Вот уже три дня как забастовка мусорщиков расточает копи свои на всех улицах Роана. Можно воображать, ради какого же праздника перед каждым домом устроен пестрый неровный алтарь, доходящий иногда до окон второго этажа, так что пешеход прокладывает себе путь, словно в траншее, между стеной дома и живописной баррикадой. Это Божий праздник нового типа, Ганешин день, именины хоботастого идола и его тотемного животного – крысы. Потому что, естественно, крысы со свалок, лишенные свежей пищи, захватили город, и их черные толпы ночами сеют панику в переулках. Впрочем, они не единственные представители помойной фауны, и все мои крановщики, обреченные забастовкой на бездействие, теперь принарядились и фланируют. Мы приветствуем друг друга заговорщицкими перемигиваниями, притормаживаем в восхищении перед некоторыми особенно удачными кучами отбросов – скульптурами плотными, еще не остывшими от породивших их миазмов быта, и с успехом способными заменить, на наших площадях и в скверах, тоскливую официальную скульптуру. Даже машины, выстроившиеся вдоль куч, блекнут и кажутся жалкими и скучными в сравнении с этим разгулом красок и форм. Мне пора бы уже привыкнуть и пресытиться прелестями отбросов. Так вот, бывало и я иногда искренне поражаюсь пышности и разнообразию, оправой которым служат сточные канавы. Мне кажется, я знаю причину. Можно сколько угодно хвалить компрессионные баки, без которых, по правде говоря, теперь и не обойтись из-за болтливой и пышной легковесности богатого мусора. Вот именно поэтому! Эти баки – душители, гасители, и то, что они вываливают на свалку, хотя и способно еще восхищать, но все же оглушено, унижено, опущено ниже своего уровня этим варварским обращением. Впервые благодаря этой забастовке мне дано увидеть и вознести хвалу бытовым отходам во всей их наивной свежести и непосредственности, без помех раскрывающим свои красоты.

Есть и еще что-то, кроме просто эстетического удовлетворения, в той радостной окрыленности, что носит меня по городу. Чувство победы, удовлетворение от захвата власти.

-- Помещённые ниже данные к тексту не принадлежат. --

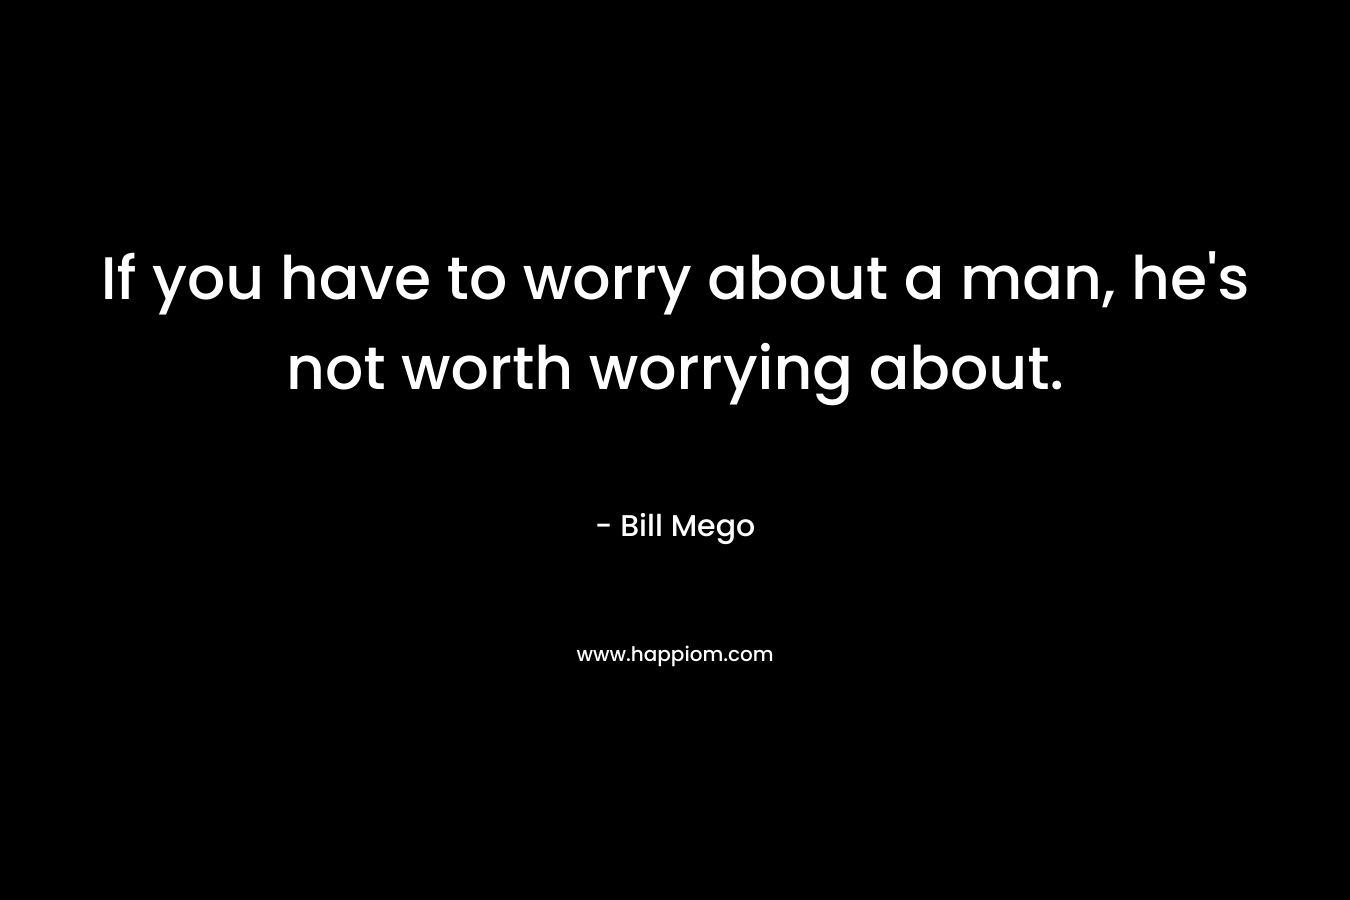 If you have to worry about a man, he’s not worth worrying about. – Bill Mego
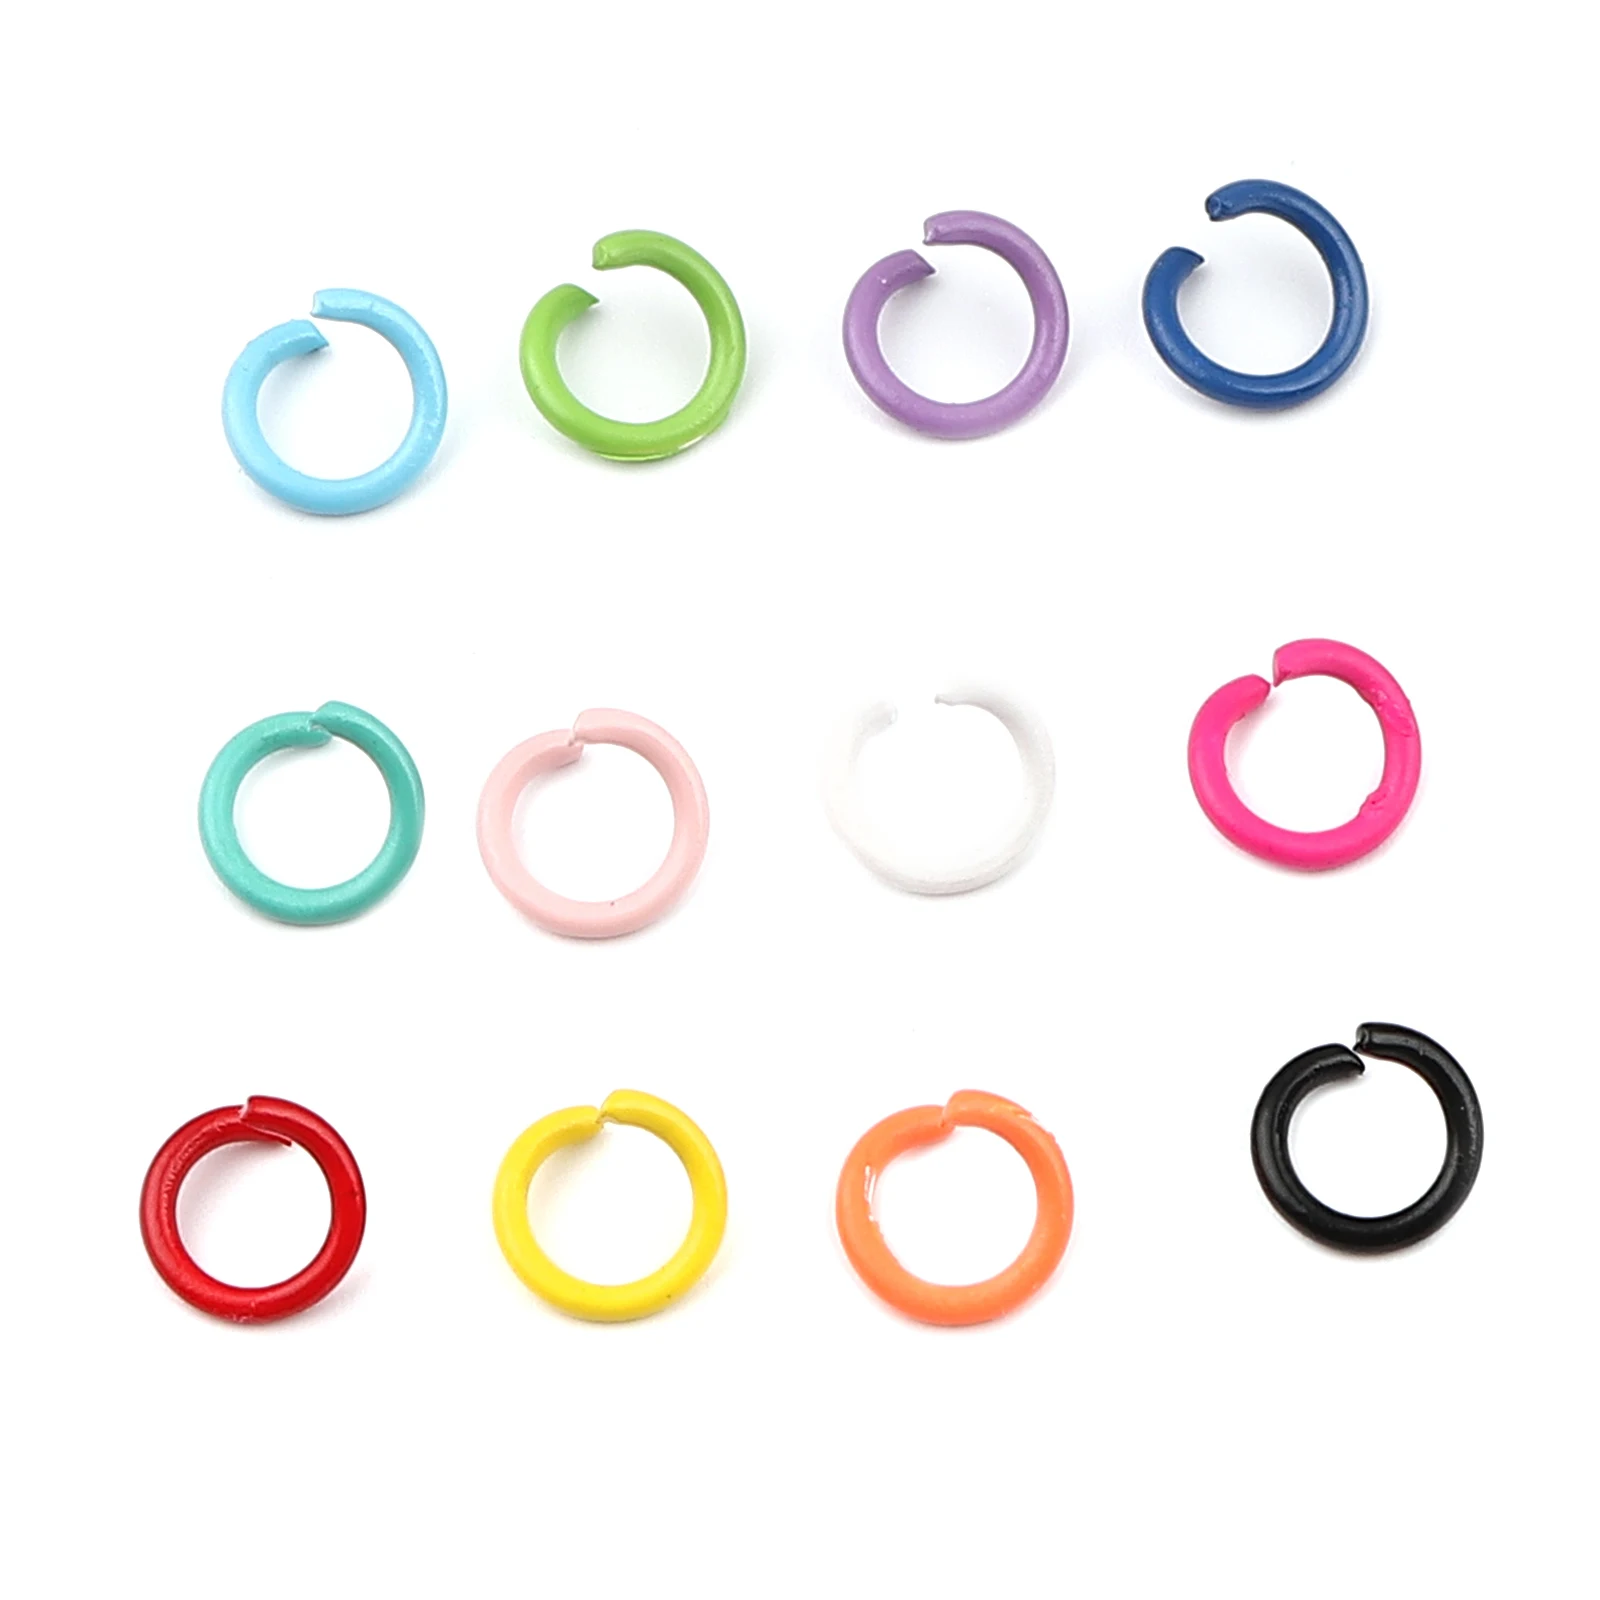 

200pcs/lot 1.2x8mm Colorful Metal DIY Jewelry Findings Open Single Loops Jump Rings & Split Ring For Jewelry Making

Потому что центробежное движение, изгоняющее к окраинам, пустырям и общественным свалкам городские отбросы, бродячих собак и все маргинальное человечество, – это движение остановлено забастовкой и наметился обратный ход. Отбросы вышли на улицы. И это верно буквально. И не только они: по городу гуляют мусорщики, а ночью его потрошит ворье. Гетеросексуальные мещане в ужасе забились в свои норы. Городской совет заседает безостановочно. Он сдастся. Это неизбежно. Это досадно. Со сборщиками мусора будут обращаться чуть менее скверно. В силу процесса, примеры которого в истории не единичны, намек на революцию скукоживается до обмещанивания тех, кто был ничем.

* * *

Эта памятная забастовка все еще будоражит мирок мусорщиков. Каждый вечер общий зал «Крановщиков» становится ареной громкоголосых собраний, где на моих глазах растет живейшая враждебность между корпорациями-соперницами. С некоторых пор верховодит человек по имени Аллелуйя, в котором я узнал старика-слепого из городских бань. Дело в том, что он был мусорщиком и слывет авторитетом в своей отрасли в силу опыта, луженой глотки и увечья, полученного на поле чести, – надо понимать, плеснуло в лицо кислотой из бутылки, раздавленной баком-компрессором. Забастовка придала ему вес, которым он пользуется без зазрения совести, – например, против тряпичников, естественных врагов сборщиков.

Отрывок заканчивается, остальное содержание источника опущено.